Thanks to his usual helpfulness, Tim gave his second interview to "Dolly Rocker", trying to clarify some questions for Syd's fans and giving us further bits of details about last Syd days.Vittorio: Hi Tim, let me first congratulate you with the excellent work on Syd Barrett. I trust it got a good result in terms of sales, after all the positive reviews. Are you planning to have it translated in other languages?
Tim: It's out in French - called 'Syd Barrett' - with an extra little essay. I haven't heard of any other interest.Vittorio: The death of Syd Barrett came as a hard blow to all the fans, since, no matter his diabetes, encouraging news has been recently circulating on his health. Any clue about how things worsened to the point of leading him to death?

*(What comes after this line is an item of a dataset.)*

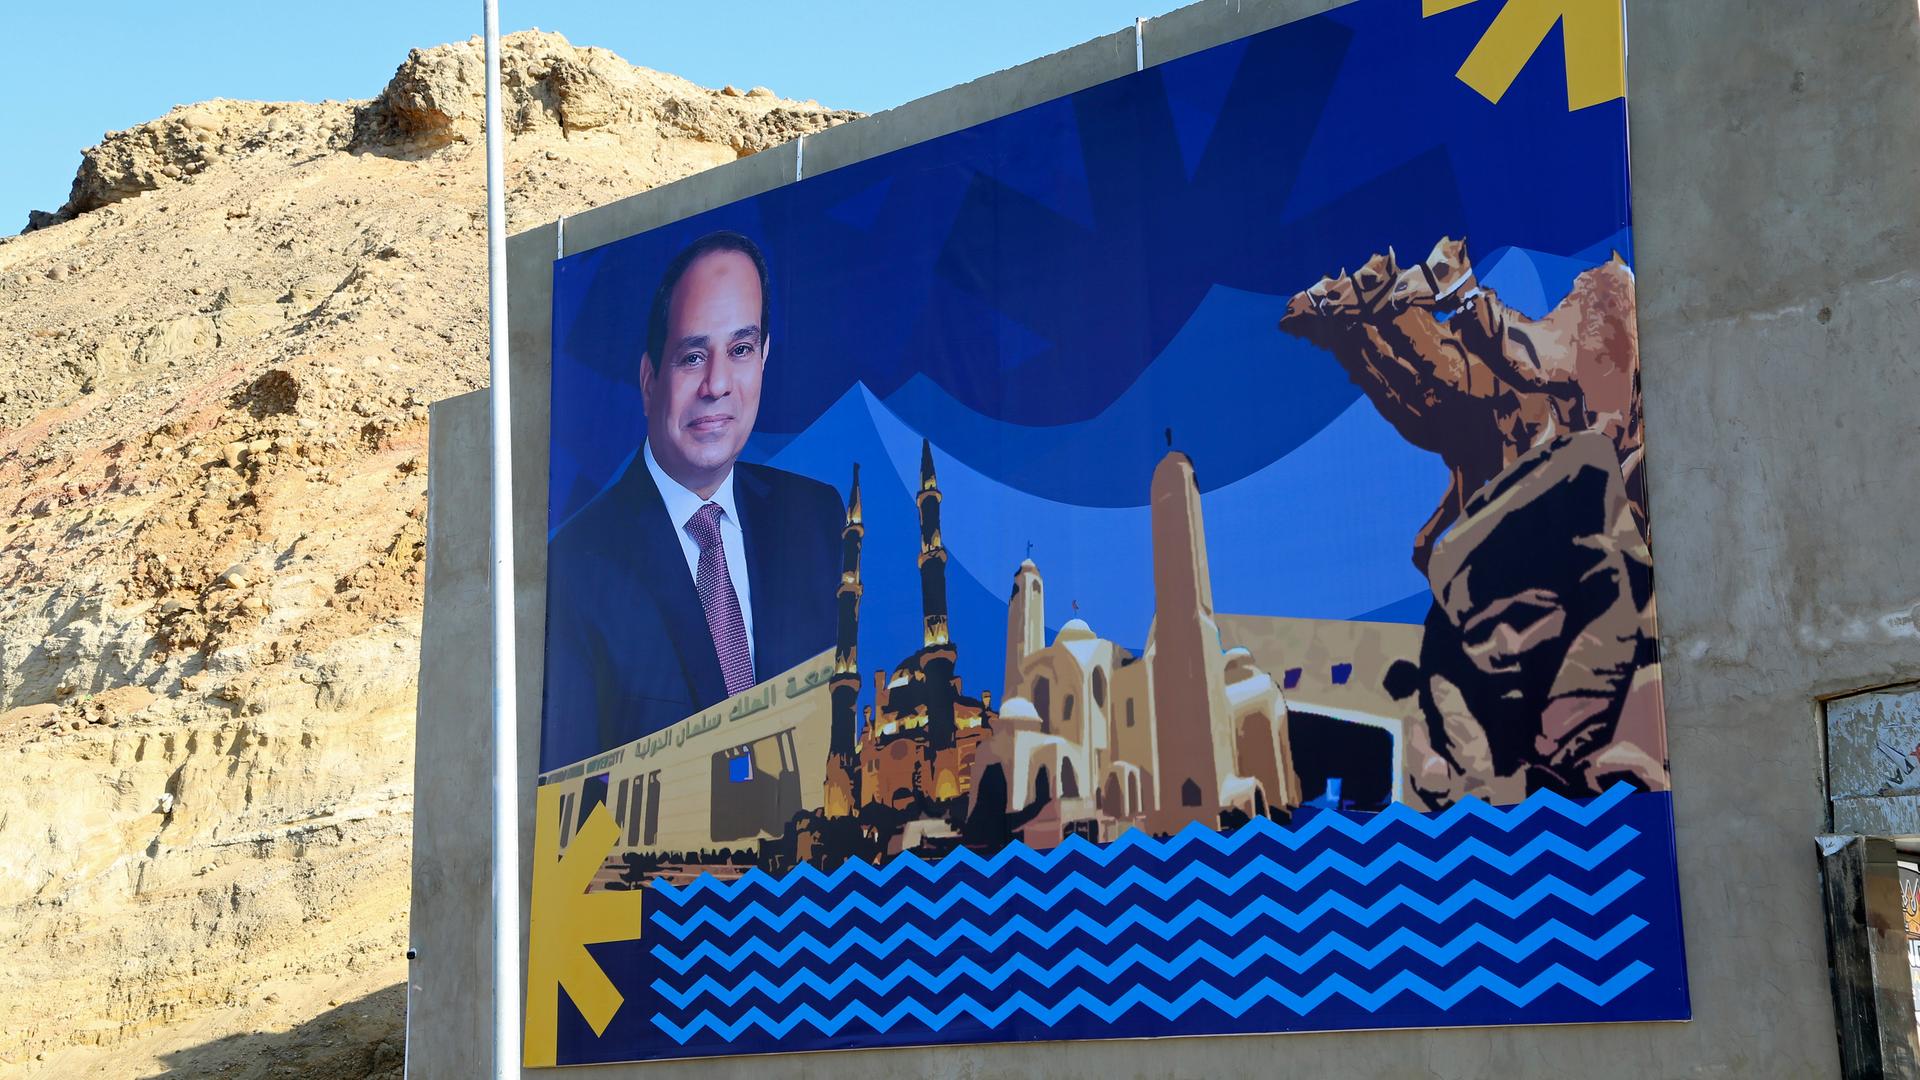 Ein großformatiges Wandbild zeit Ägpytens Präsidenten Abdel Fattah el-Sissi in einer graphischen Darstellung, die auf die UN-Klimakonferenz in Sharm El-Sheikh hinweist.

Tim: Not really. I know he went into hospital about five weeks before his death, and was taken home 'to die in his own bed' about a week before the end.Vittorio: Many fans were puzzled about the very meager comments of Waters and Gilmour after Syd's death. A Floyd fan wrote me he was at the 11 July Waters concert, soon after the rumors on Syd's death started: apparently neither Waters nor Mason felt like expressing any personal thought to the memory of their "fellow traveler". Your opinion?
Tim: Sorry, I really don't know.Vittorio: Do you have any clue about Gilmour's actual state of mind? Did you happen to hear from him? We know well he always tried to ensure Syd a comfortable life, offering him new income through the Echoes album, which included several Syd's tracks.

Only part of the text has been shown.